DATA SECTION>

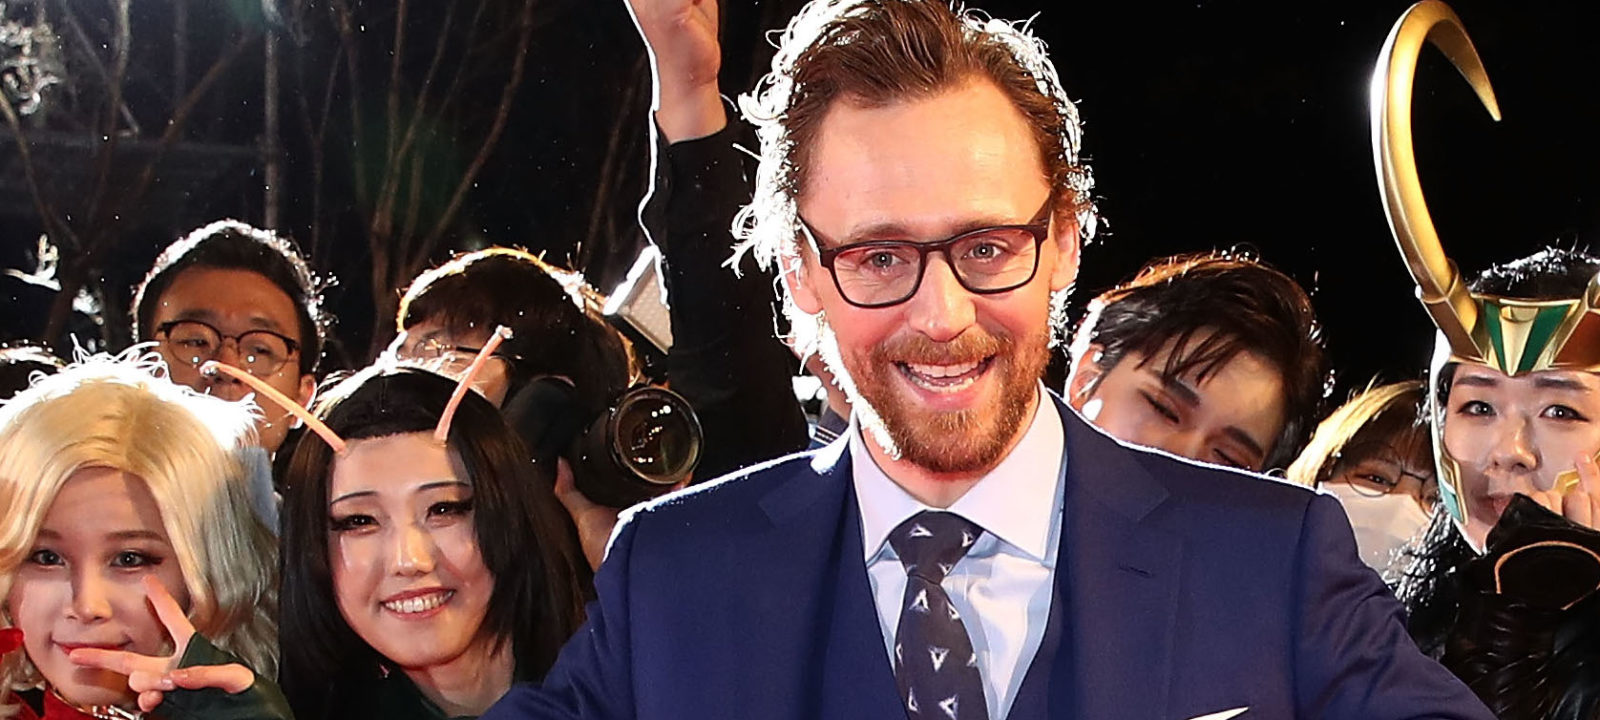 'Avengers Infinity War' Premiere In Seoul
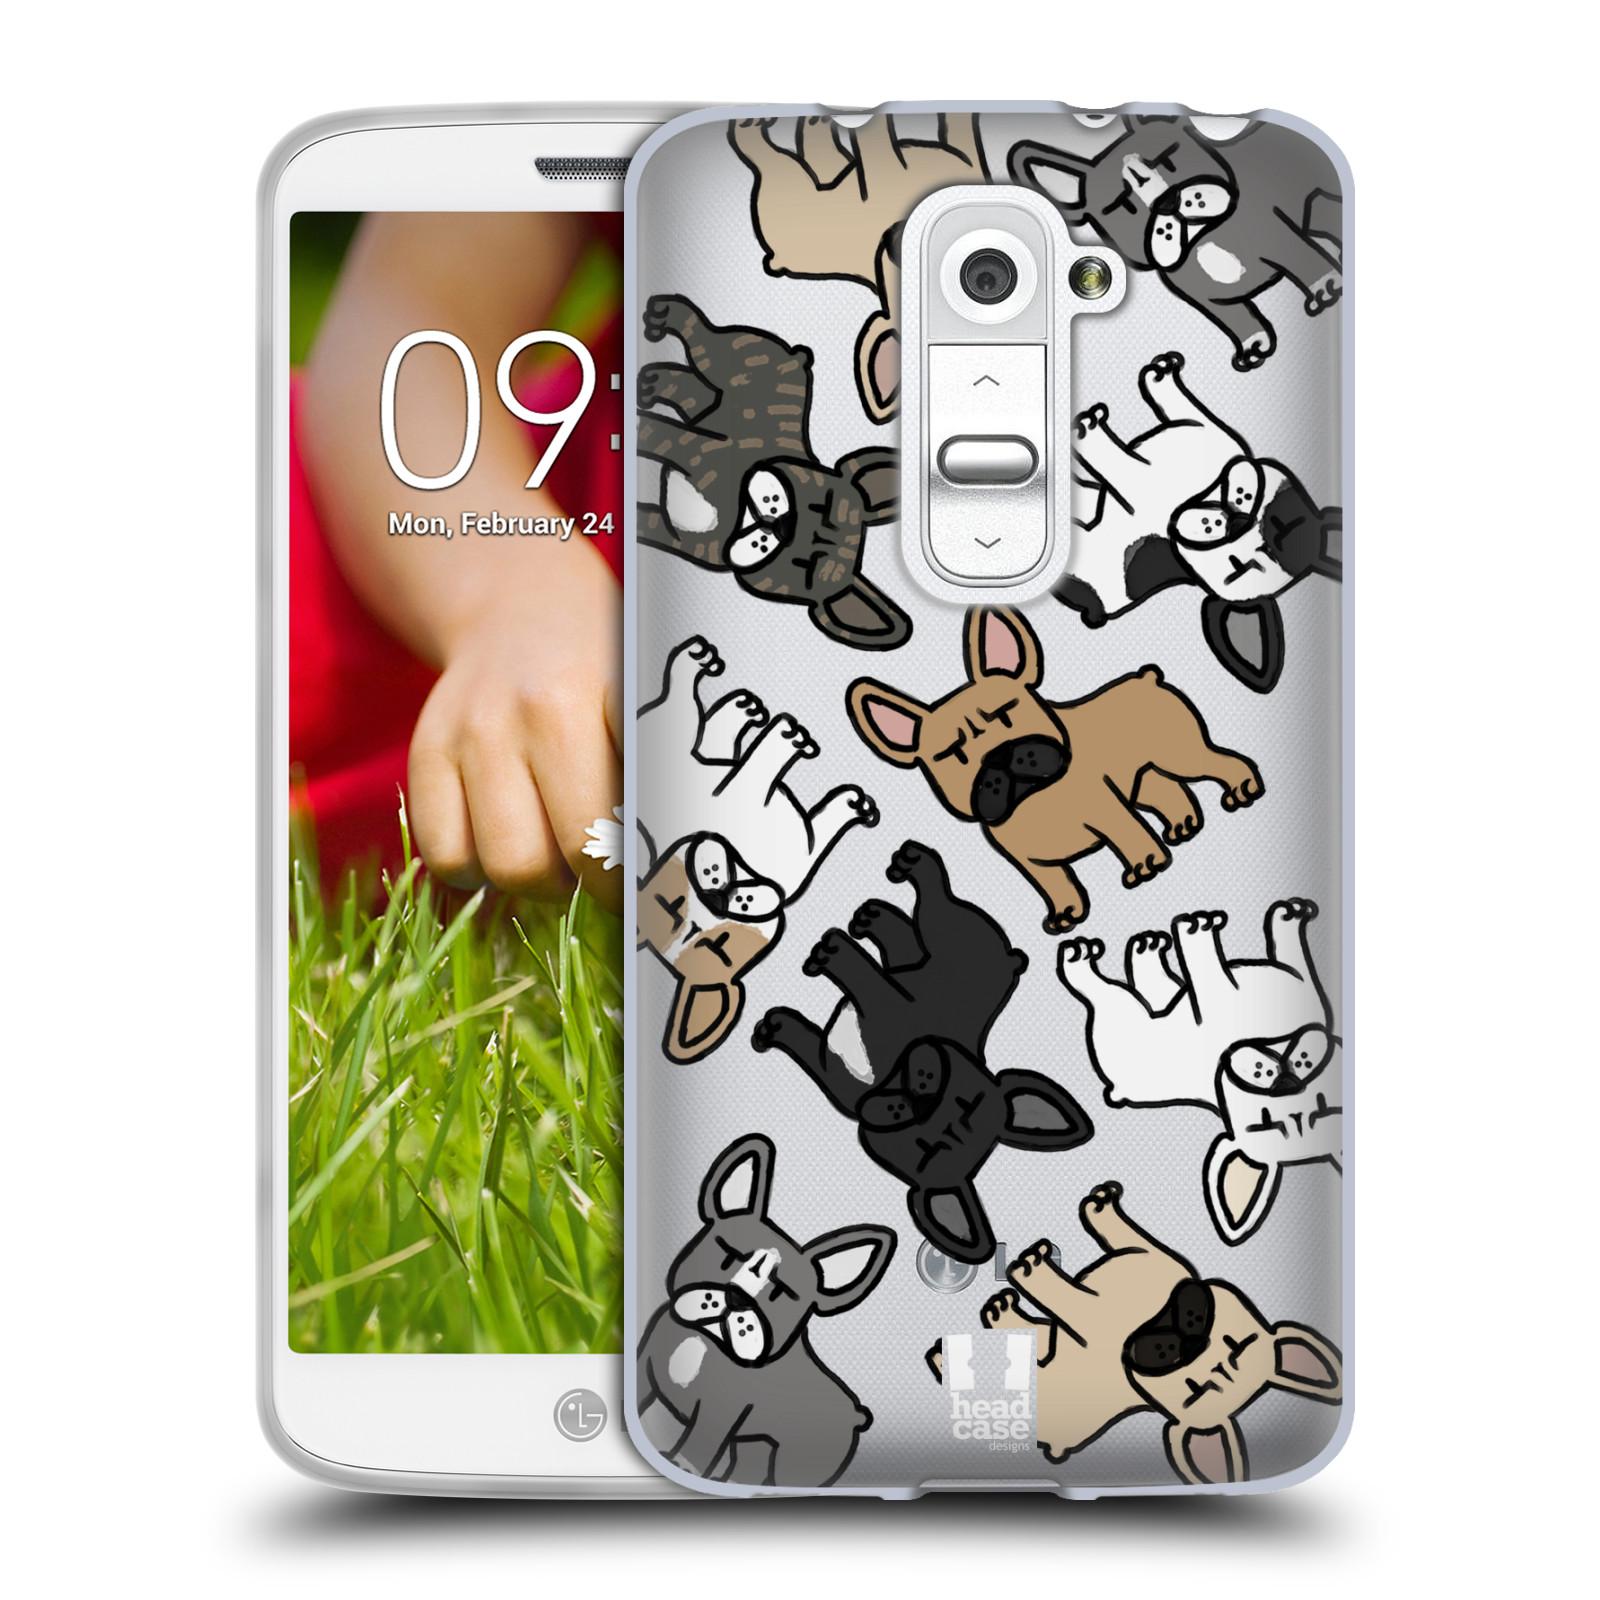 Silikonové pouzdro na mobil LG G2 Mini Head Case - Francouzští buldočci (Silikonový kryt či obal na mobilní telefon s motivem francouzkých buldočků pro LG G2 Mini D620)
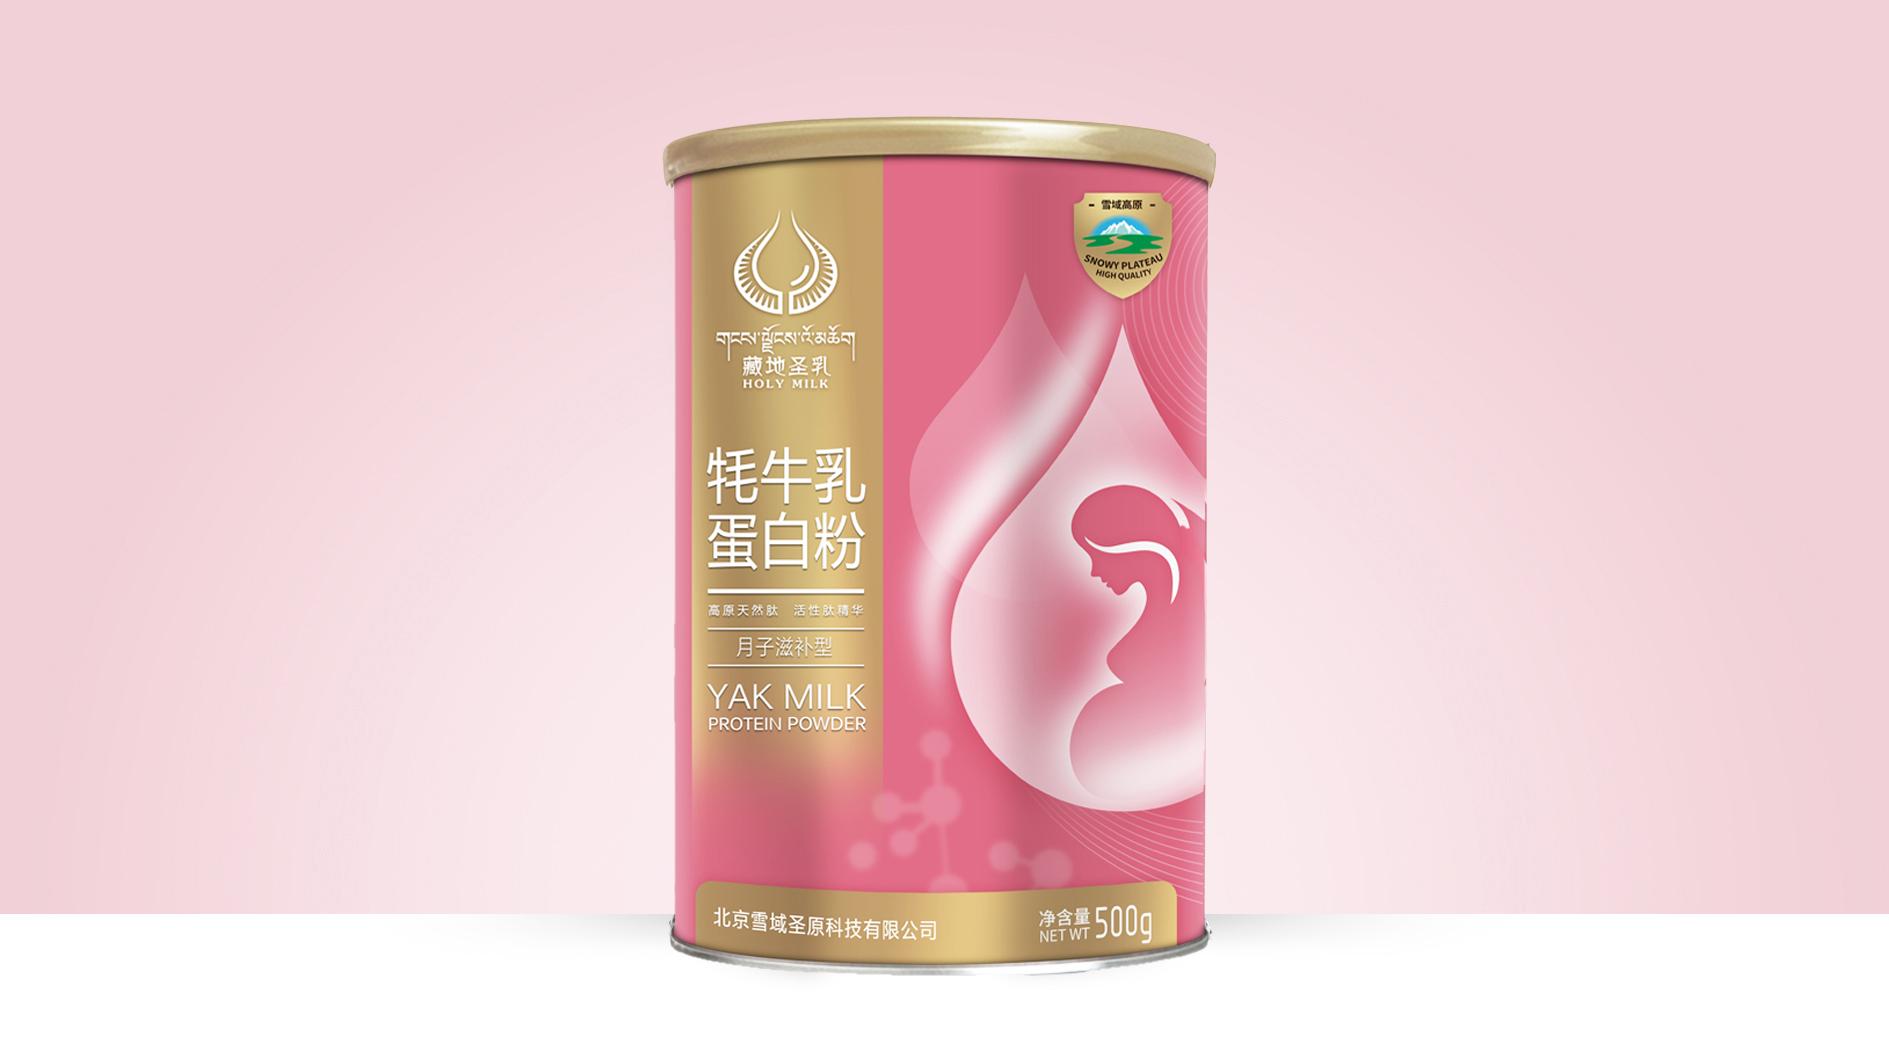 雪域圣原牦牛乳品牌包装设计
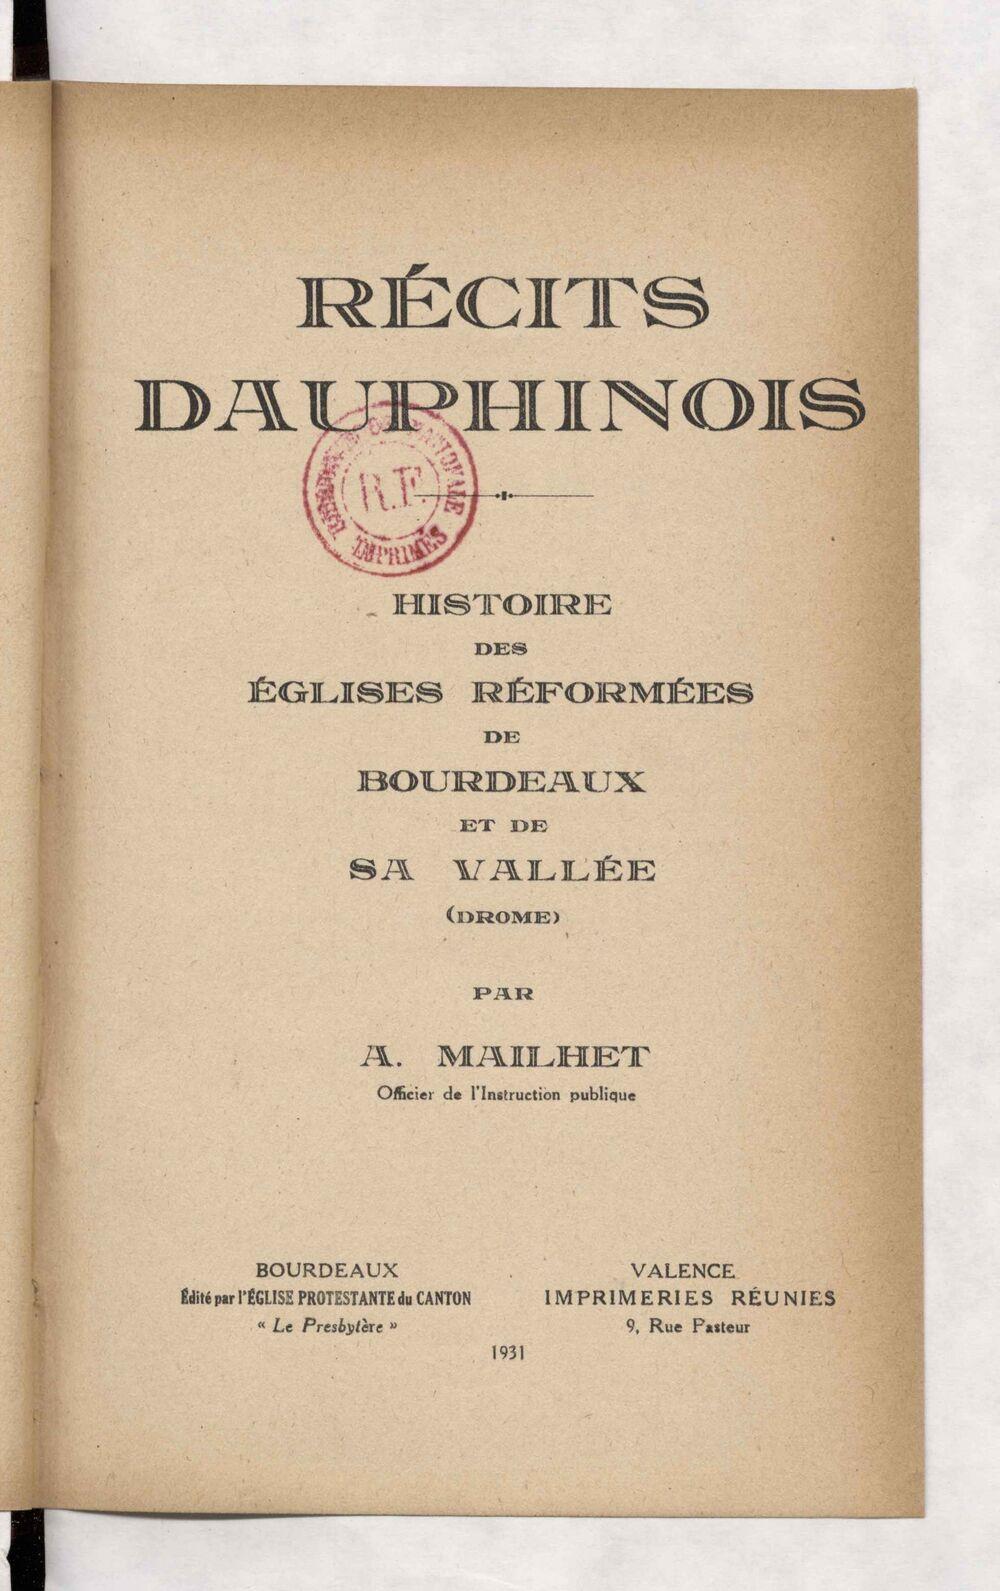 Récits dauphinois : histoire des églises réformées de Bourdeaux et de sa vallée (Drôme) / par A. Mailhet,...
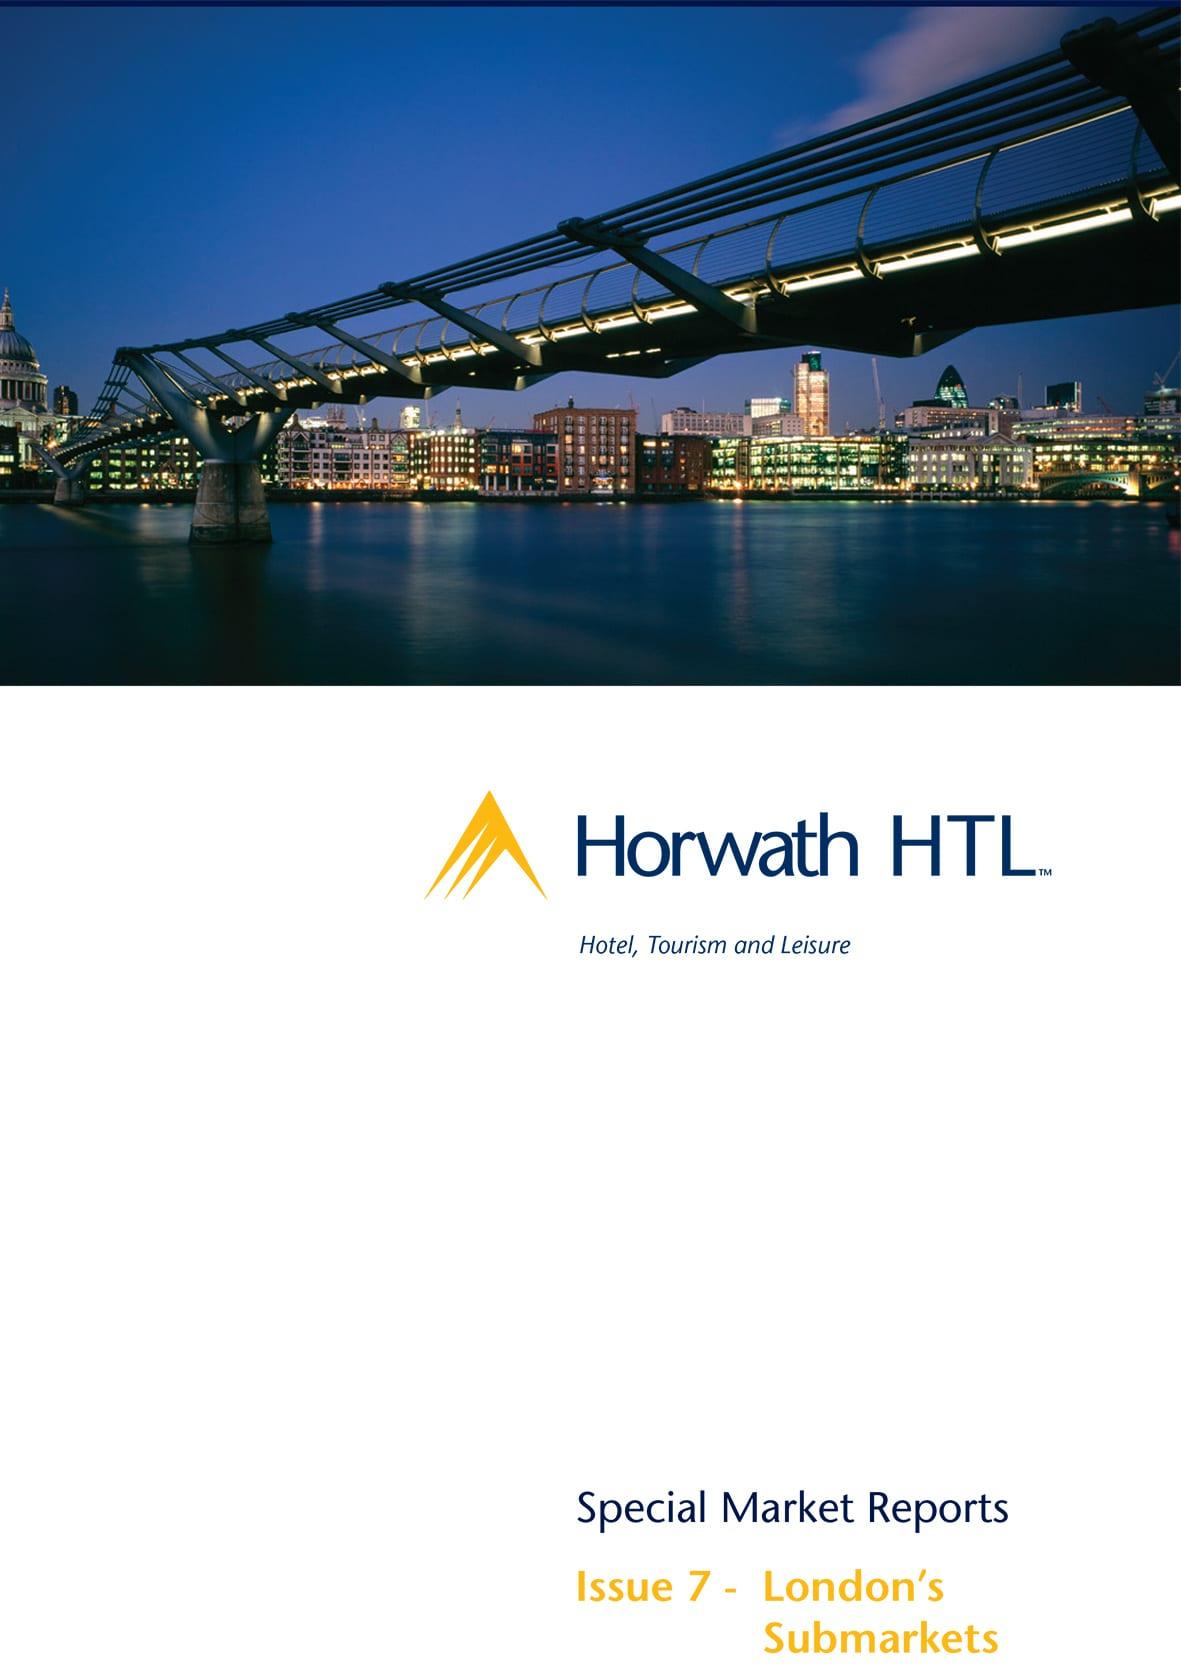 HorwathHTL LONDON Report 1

THE TASK> Give back the whole of the material exactly, with the pictures removed.

RESPONSE TO THE TASK>
 'Avengers Infinity War' Premiere In Seoul
 Silikonové pouzdro na mobil LG G2 Mini Head Case - Francouzští buldočci (Silikonový kryt či obal na mobilní telefon s motivem francouzkých buldočků pro LG G2 Mini D620)
 雪域圣原牦牛乳品牌包装设计
 Récits dauphinois : histoire des églises réformées de Bourdeaux et de sa vallée (Drôme) / par A. Mailhet,...
 HorwathHTL LONDON Report 1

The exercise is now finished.